My friend Jack Shafer has noted, correctly, that the great vice of eulogists is to speak or write at great length about themselves rather than the deceased. I’m about to commit that vice. But it can’t be avoided, because I never knew Michael Apted, who died this week at 79, and because the only rational response to his masterwork, the Up series, is a personal one.
Nothing is more moving than watching how people change, and don’t change, over a lifetime. Apted was a film director who made many good films—I’m tempted this weekend to re-watch Enigma (2001), which I remember being very enjoyable—but he’ll be remembered chiefly for the Up series because these nine documentary films, which followed a group of Britons from various economic backgrounds from the age of 7 to the age of 63, constitute a collective masterwork that transcends its (persuasive) left politics and inevitable narrative biases. If you’ve never seen any of them, I urge you to watch 63 Up, the final film in the series, which was released in 2019. Each film recapitulates the previous ones, so you don’t need to binge-watch them all. Indeed, if you do, it’s liable to feel repetitious; these films were intended to be watched in intervals of 7 years. (I don’t know what the Royal Ocean Film Society is, but this video essay by Andrew Saladino, a Dallas-based writer, makes this point and is a very insightful introduction to the series.)

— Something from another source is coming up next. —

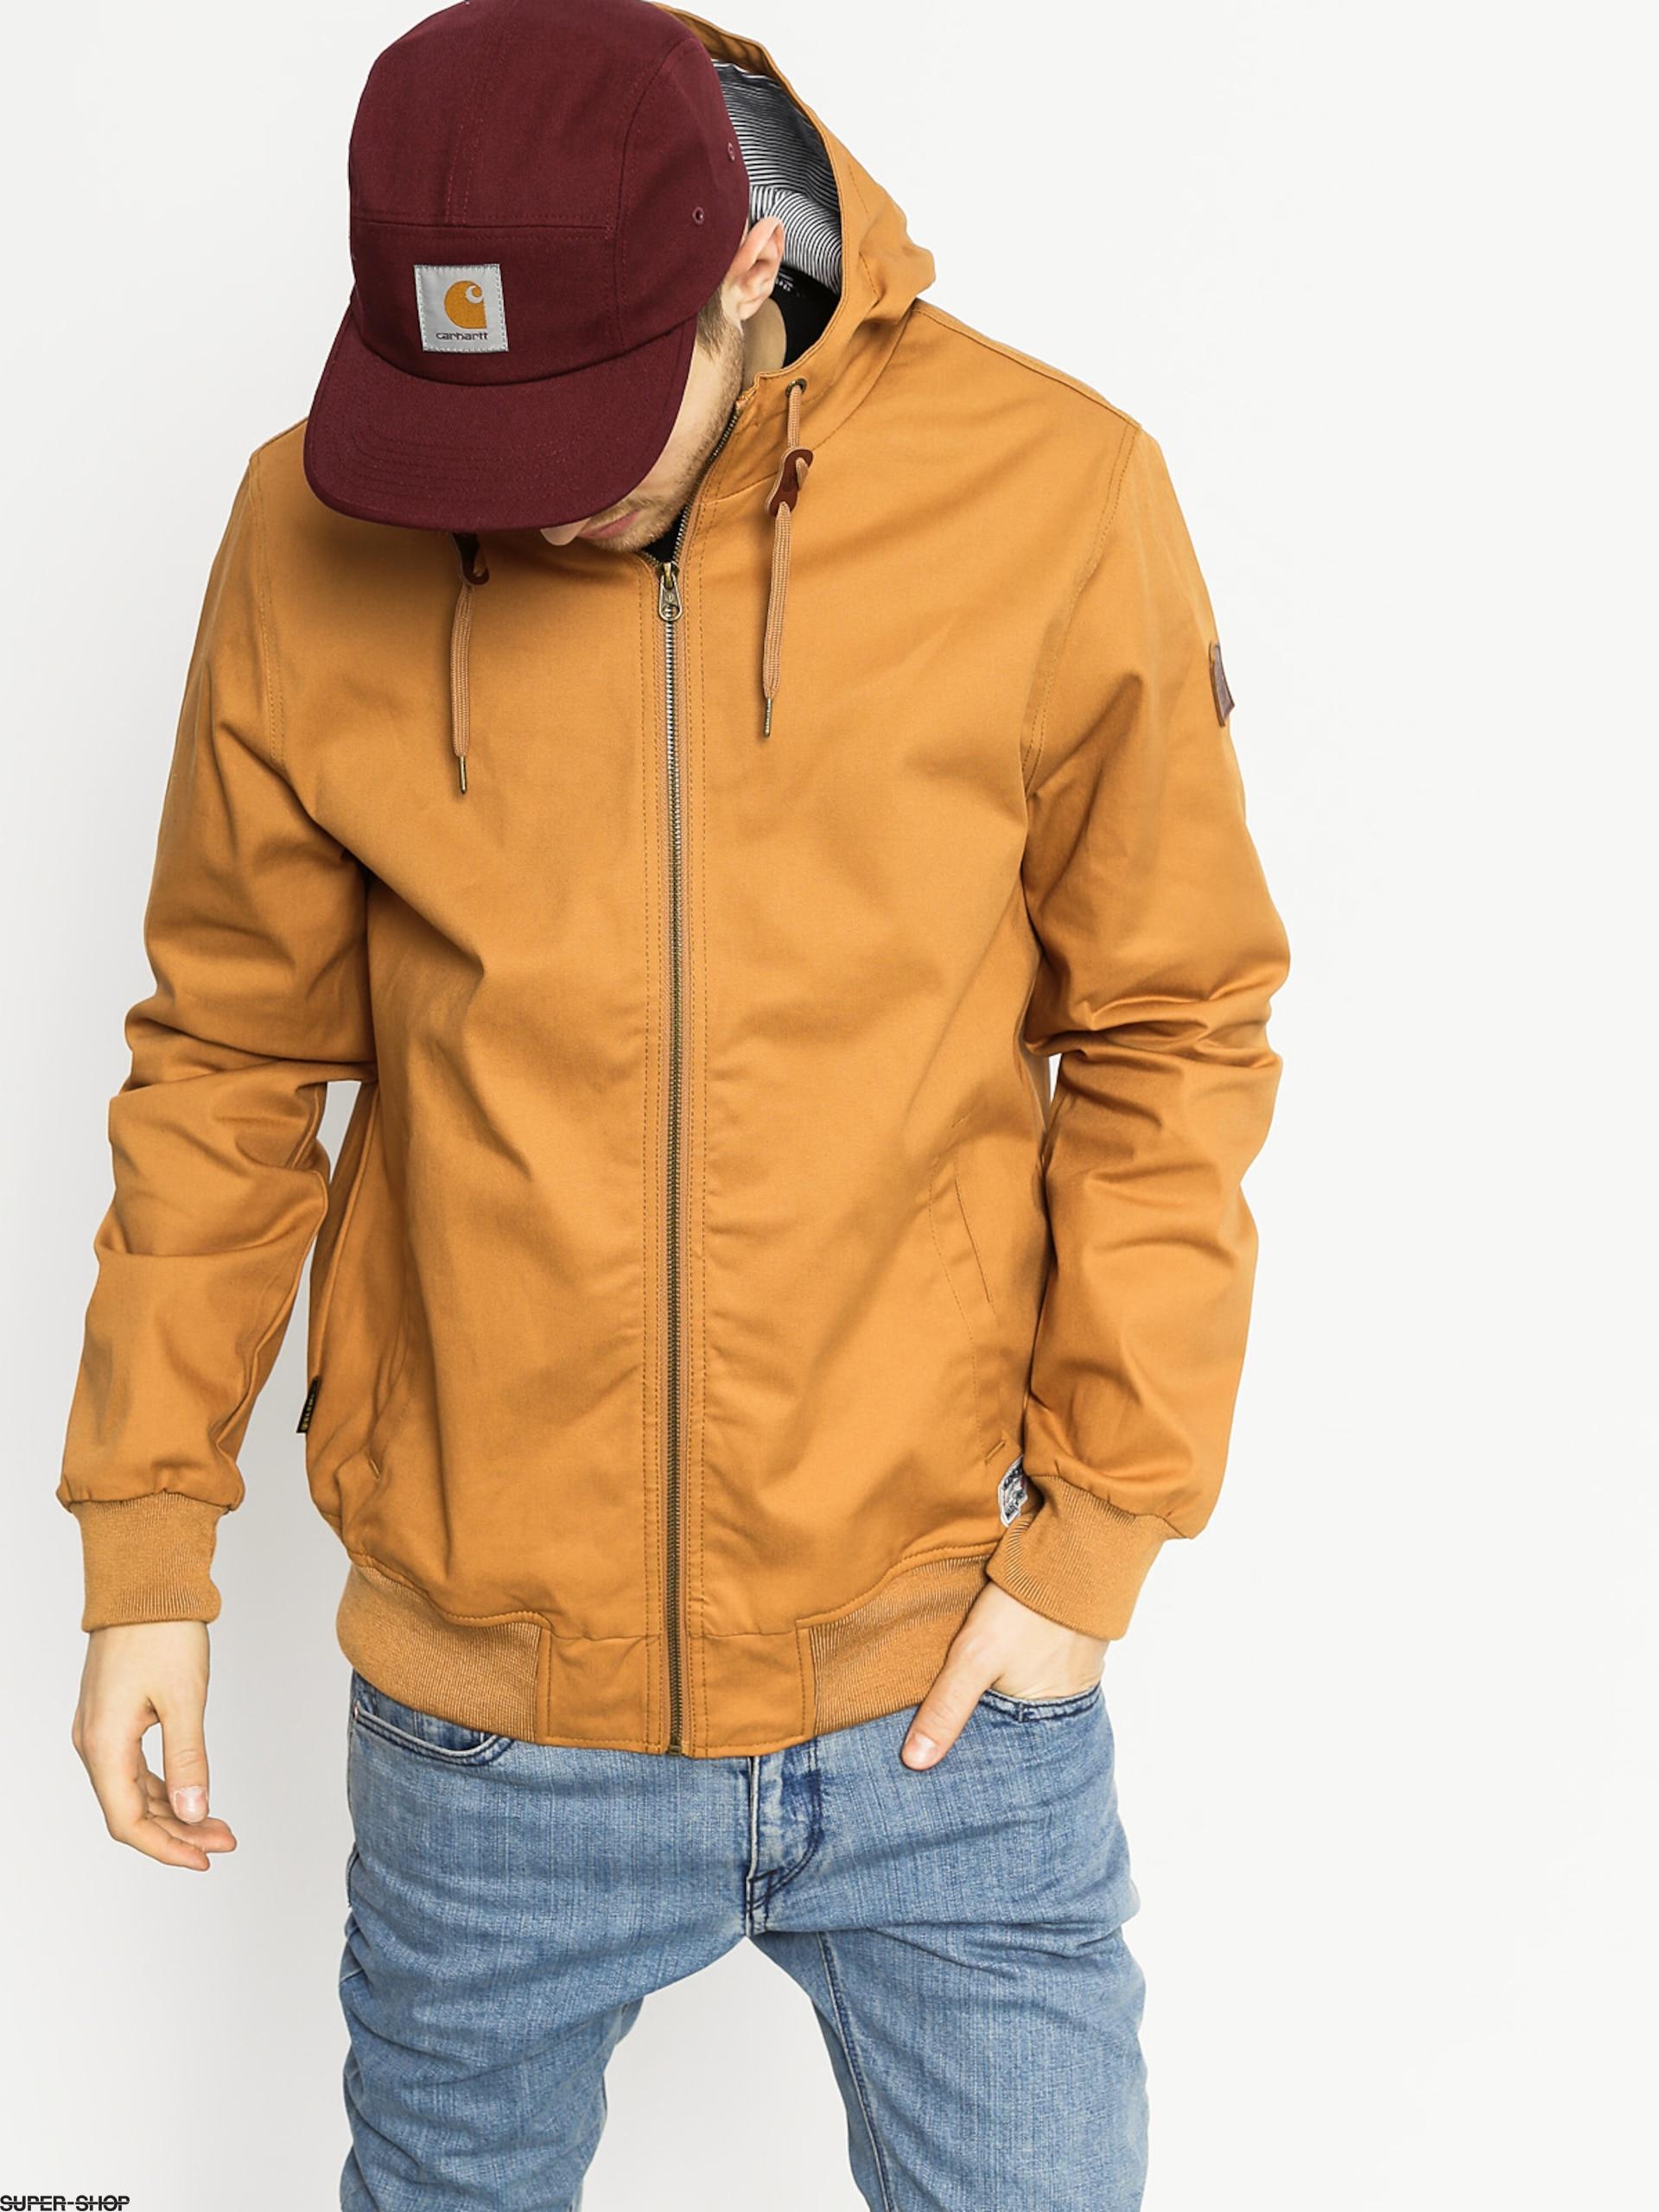 ELEMENT DULCEY HERREN Jacke Übergangsjacke rust brown C1JKA9
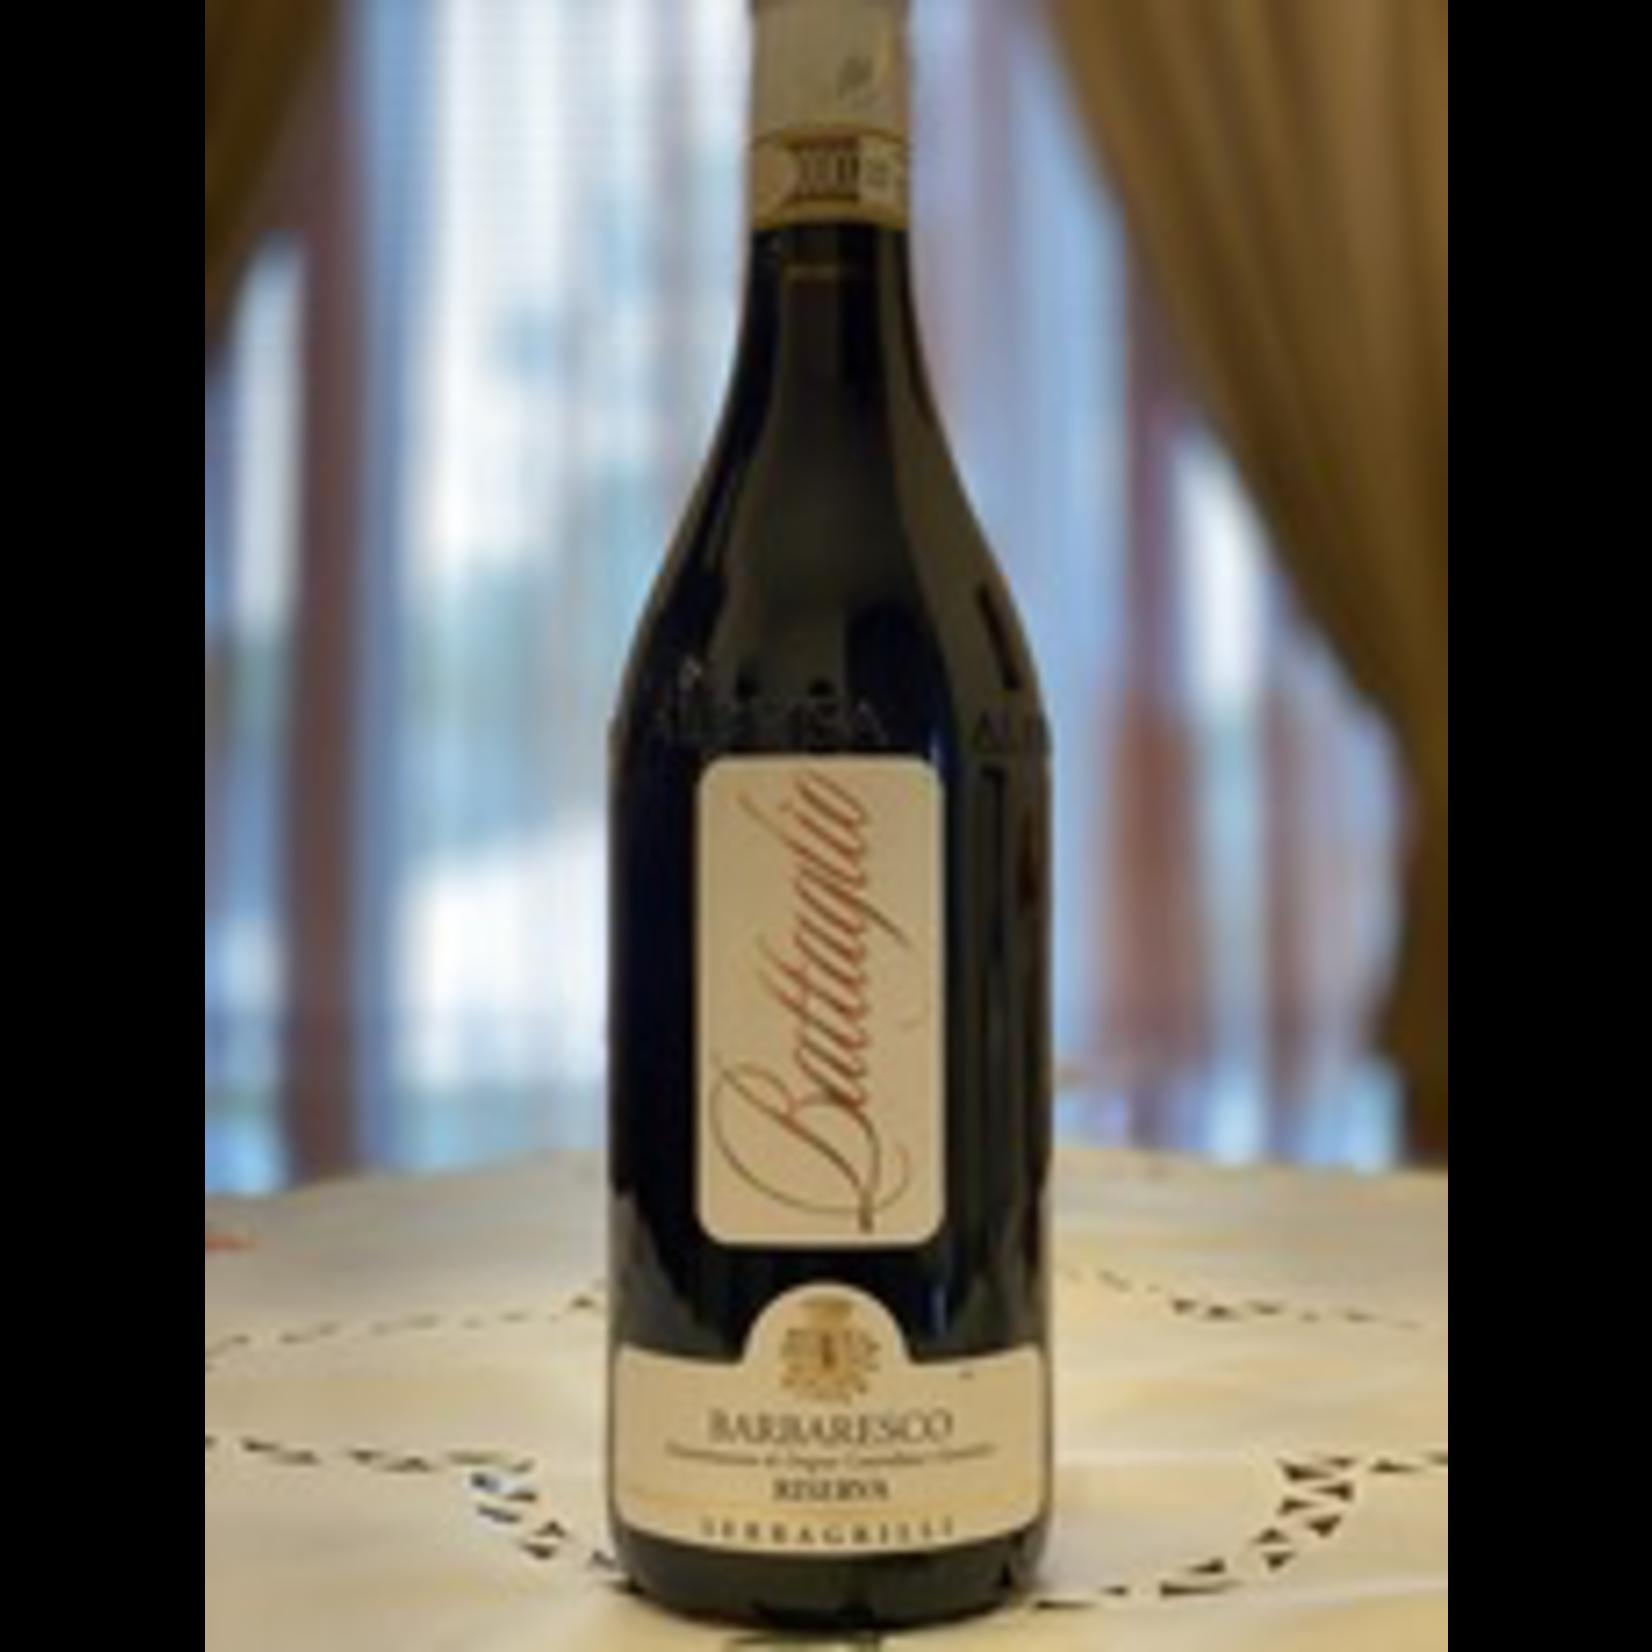 Wine Battaglio Barbaresco Riserva Single Vineyard Cru 2015

I have a dear friend whose job it was, when I married my late first wife 30 years ago, to prevent an older family friend from being dragged to a piano to sing “Sunrise, Sunset.” He’d written the song, and I’d seen this happen at three weddings. I’d got the impression he was heartily sick of performing this duty. He was a lovely man and far too kind, I thought, to say no. And while I admired his music as much as anyone, my 32 year-old childless self found this particular song a little ... sappy. So did my friend who was instructed to steer him away from the piano. In the event, there was no piano to be dragged to, so my fears were groundless.
Five or six years later my friend (OK, @RuthMarcus; the composer was the late Jerry Bock) told me tearfully that she was very sorry to have accepted this assignment, “because now I have kids and now I realize THAT’S THE MOST BEAUTIFUL SONG EVER WRITTEN!”
Another Michael, Michael Chabon, would later publish an essay (“Daughter of the Commandment”) making the same point in his 2009 book Manhood for Amateurs. (Thanks to Phil Korsnes for flagging it to me when I posted an earlier version of this essay on Twitter.) “I can remember being thirteen,” Chabon writes,
and feeling stifled, half-drowned, by the corniness of it any time some aunt at the piano took up the minor notes of ‘Sunrise, Sunset’ and all the adults wiped their eyes and wondered where my infancy and their youth and all the days had gone. But you know what? I spent hours putting together an iTunes playlist for us to dance to at the reception after the service [for his oldest daughter’s bat mitzvah], soliciting suggestions via e-mail from a team of party-mix experts, black-belt Snoopy-style dancers, and former part-time semiprofessional soi-disant DJs, a process that resulted in a selection of tracks glorious and replete and nearly perfect with Prince (“Kiss”), New Order (“Bizarre Love Triange”), and L.T.D. (“Every Time I Turn Around, Back In Love Again”), and yet the song that reached down to the very core of me was the final tune of the evening, the only tune you need, Mickey Katz’s perfect, wordless one-minute forty-eight second dance-band version of, God help me, ‘Sunrise, Sunset.’
That’s the power that Michael Apted tapped into with his beautifully rendered film series. I’ll never forget my introduction to the series seeing 35 Up at the old AFI at the Kennedy Center in 1991. The yet-unborn son of the couple we attended that film with and our yet-unborn daughter would later be friends and attend college together. Such an utterly unexceptional arrangement of facts feels to me extraordinary and moving.
A dozen years after my first wife died, I remarried. My two children, now grown, walked me down the aisle. My son read a Rumi poem and my daughter sang “Come Rain or Come Shine,” accompanied on the saxophone by my dear friend Marie Monrad, whose daughter Zoe had been playmate to both kids. My bride Sarah’s two grown daughters from her first marriage walked her down the aisle, and also participated in the ceremony.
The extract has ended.